A general characterization of our data shows that the distribution of records has a strong spatial bias, with areas of the country being highly covered while others having no observations, and that a limited number of volunteers are responsible for the majority of observations. The results also show strong seasonal patterns. This is not unexpected, since opportunistic citizen science databases are described as spatially and temporally biased13,14. The scarce number of volunteers responsible for a large proportion of the observations may be the main reason for this. In the case of this study, the reduced number of volunteers is also due to the lack of citizen science tradition in Portugal, leading to greater spatial data bias. It is also important to note that, for some specific taxonomic groups with different life histories, there are periods of the year when the groups/species can be observed and others when they cannot, or are more difficult to, such as hibernating reptiles, migratory species, and plants with different flowering periods.

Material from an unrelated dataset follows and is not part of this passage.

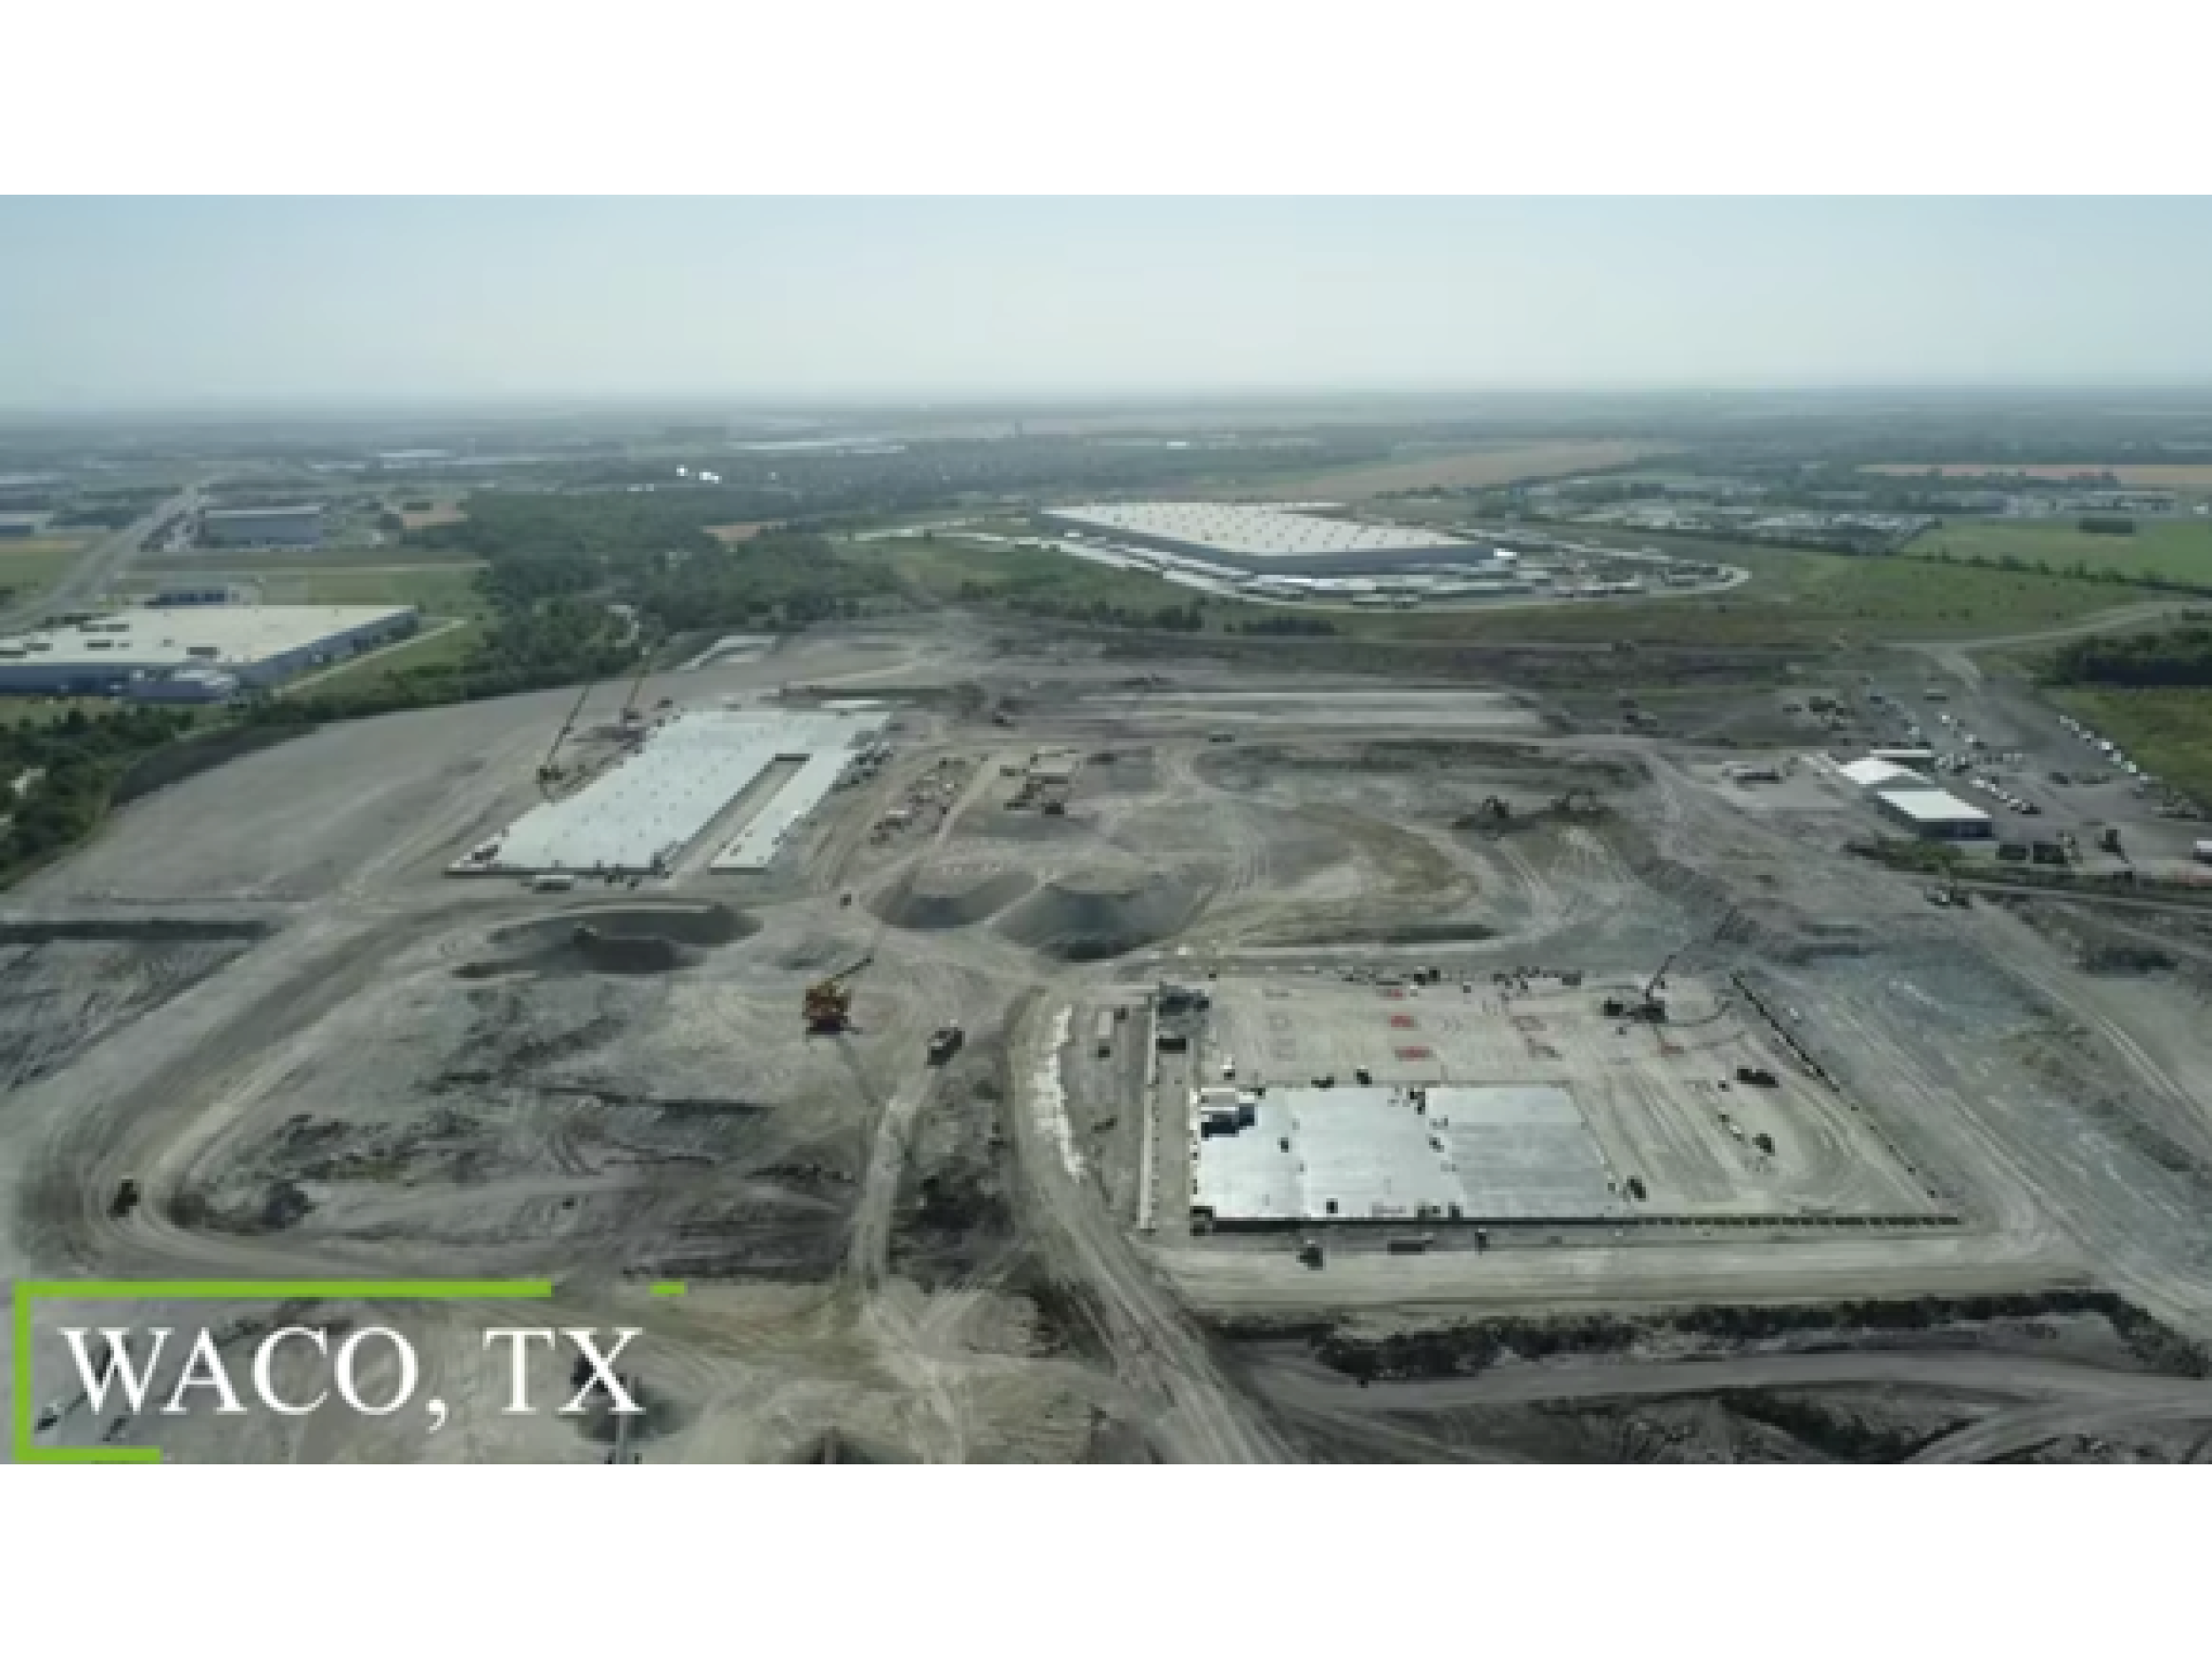 Graphic Packaging International anunció a principios de 2023 sus planes de construir una planta en Waco, Texas, dedicada a la producción de cartón reciclado, cuya apertura está prevista para 2026.

Considering the variables that were identified to better explain the number of observations made, most of them indicate a positive effect of the accessibility of the survey area, such as altitude, density of roads (accessibility to a site - only found to be important for butterflies), or density of paths (accessibility within a site). Accessibility was already found to be important in determining where volunteers record observations28,29. Previous studies examining the spatial patterns of observations found strong roadside biases within woody plant records30, and have also showed that patterns differ between different taxonomic groups, such as between butterflies and mammals29.

Despite the variation between groups identified in the literature, we could identify some patterns across taxa. Path density showed a significant association with seven out of the eight taxonomic groups considered. In contrast with other studies10, density of paths explained more variation than the density of roads in taxa distribution records. Possibly these places also represent locations that people know will provide good outdoor walks and where it is easier to observe and identify species. While walking, volunteers have a higher availability to identify species and that is particularly important, for instance, for insects or plants that require a more detailed level of observation.

When considering the total number of observations, the group of birds and the group of amphibians and reptiles, the percentage of wetland areas also drives the frequency of observations. This can be explained by one or several different factors such as a higher attractiveness of these areas for the observers of a specific group (e.g., several birdwatchers go to wetland areas to observe birds, as these are ornithological-rich areas31), or by physiological characteristics of these groups, highly dependent of this type of habitat32.

It seems clear that analyzing patterns in volunteers’ distribution of observations is fundamental for planning different surveys that could help increase the data quality of these databases, and a better scientific use of the available information. Developing methods that evaluate and account for bias derived from different observation efforts (e.g.12) is a promising research topic and a good opportunity for collaboration between statisticians and conservation scientists, promoting the development of novel statistical approaches and survey designs33. In the absence of such approaches, at the very least the interpretation of such data must be made while considering the influence of the potential sources of bias. We note that the potential bias may be taxa specific, and its influence might change depending on the specific inferences being derived from the data. To conclude, with this work, we show that efforts are required to increase the spatial evenness of sampling effort in citizen science projects. That could be addressed with the use of additional incentive mechanisms or gamification baselines in order to increase sampling effort in some regions or for some taxonomic groups34.